FindRoot : I started with an initial value of (14,15,10,100) which I get from my data. FindRoot returns the last value (which does not satisfy my system) and the following message.
FindRoot::lstol: The line search decreased the step size to within tolerance specified by AccuracyGoal and PrecisionGoal but was unable.....
I tried different initial values, including the value returned by FindRoot. I tried to analyze the pattern of the solution value at each step. I didn’t see any pattern but noticed that the z values become negative early in the process. So I put bounds on the values. This just stops the code at the minimum value of 0.1. I also tried an exponential system instead of log, same issues.
Reap[FindRoot[{
7*w==(7*w+5*x + 2*y + z)*(0.76 + 0.12*Log[w] -0.08*Log[x] -0.03*Log[y] -0.07*Log[7*w+5*x + 2*y + z]),
5*x==(7*w+5*x + 2*y + z)*(0.84 -0.08*Log[w] +0.11*Log[x] -0.02*Log[y] -0.08*Log[7*w+5*x + 2*y + z]),
2*y==(7*w+5*x + 2*y + z)*(-0.45 - 0.03*Log[w] -0.02*Log[x] +0.05*Log[y] +0.12*Log[7*w+5*x + 2*y + z]),
z==(7*w+5*x + 2*y + z)*(-0.16 + 0*Log[w] -0*Log[x] -0*Log[y] +0.03*Log[7*w+5*x + 2*y + z])},
{{w,14,0.1,500},{x,15,0.1,500},{y,10,0.1,500},
{z,100,0.1,500}},EvaluationMonitor:>Sow[{w,x,y,z}] ]]

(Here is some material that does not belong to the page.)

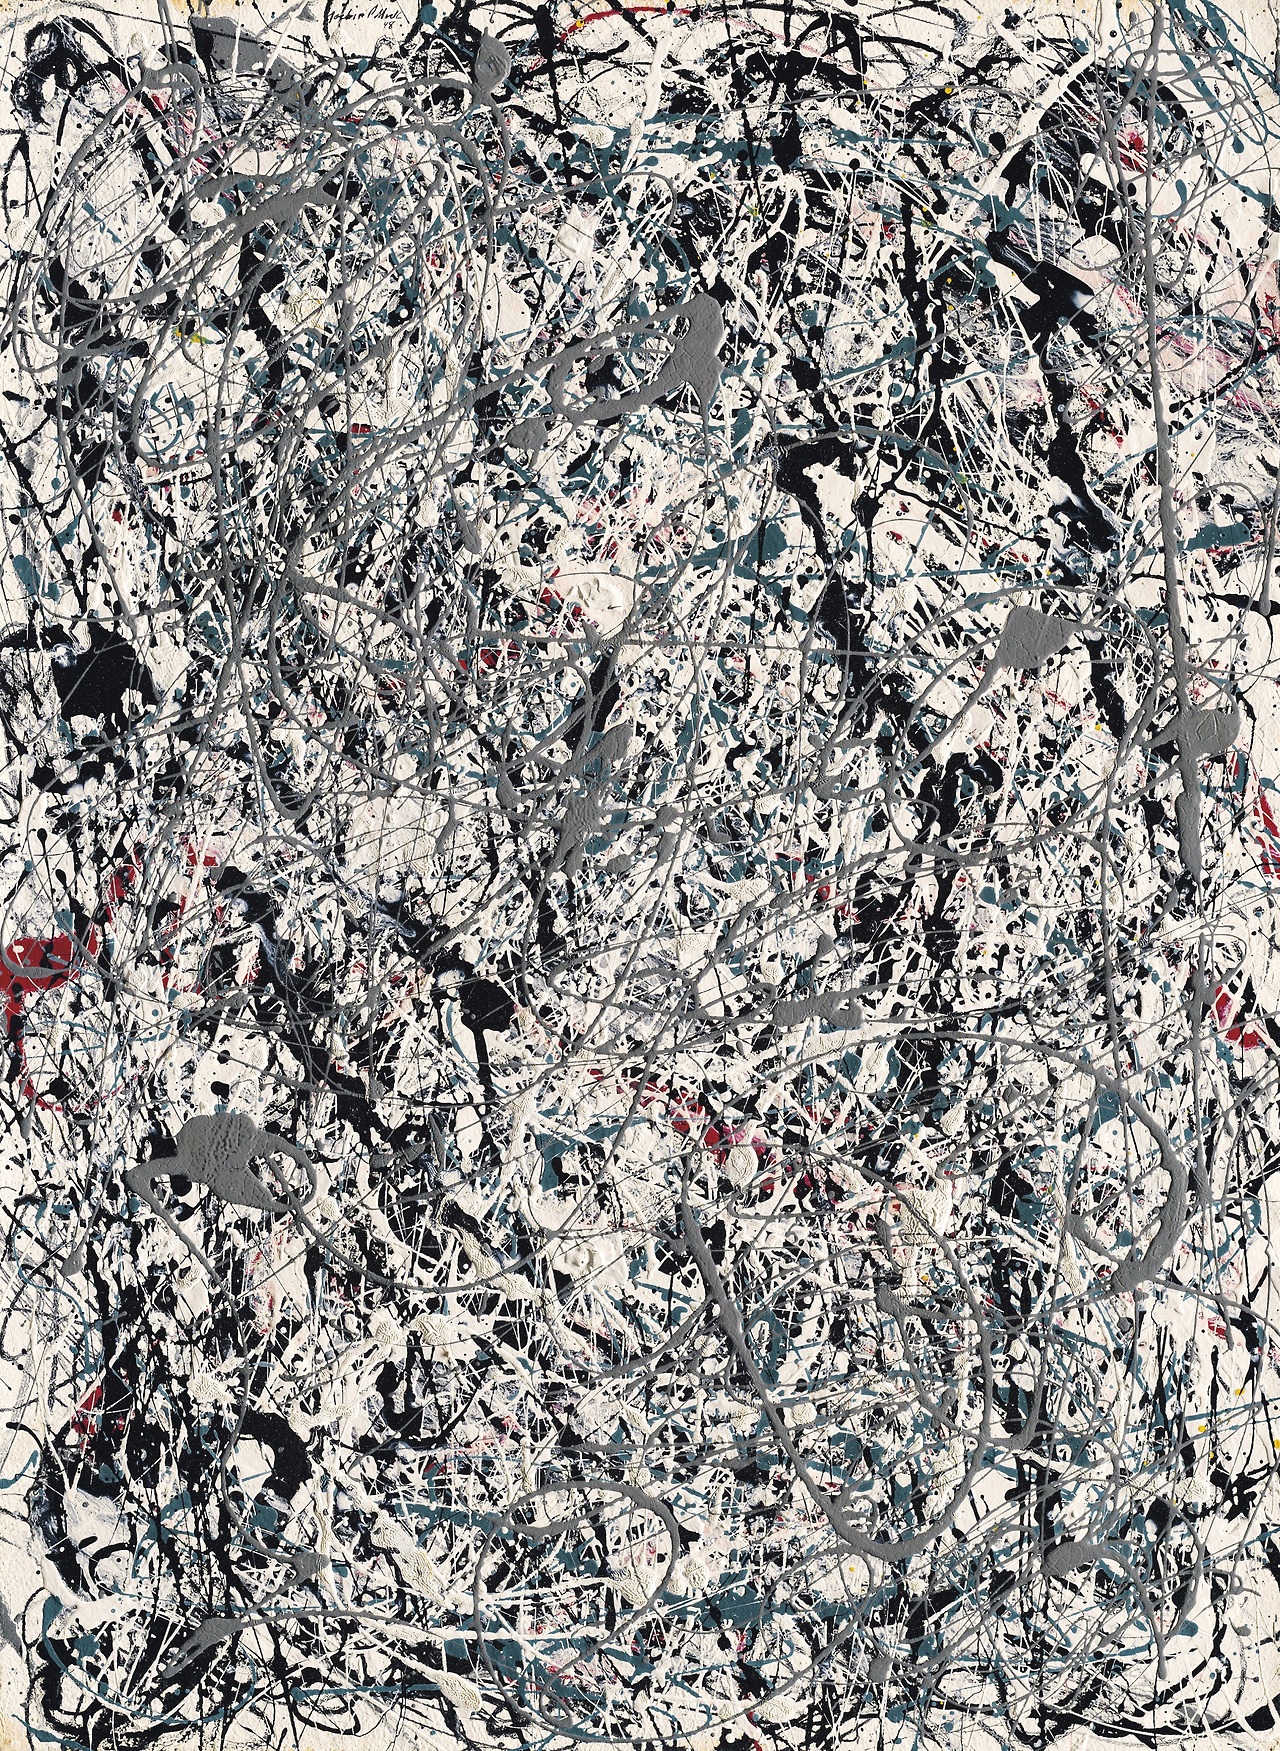 Jackson Pollock - Number 19, 1948

FindMinimum : As we can write this problem as a minimization problem, I tried this (following the suggestion here). The value returned did not converge the system or equations to zero. I tried with only the first two equations, and that sort of converged to zero.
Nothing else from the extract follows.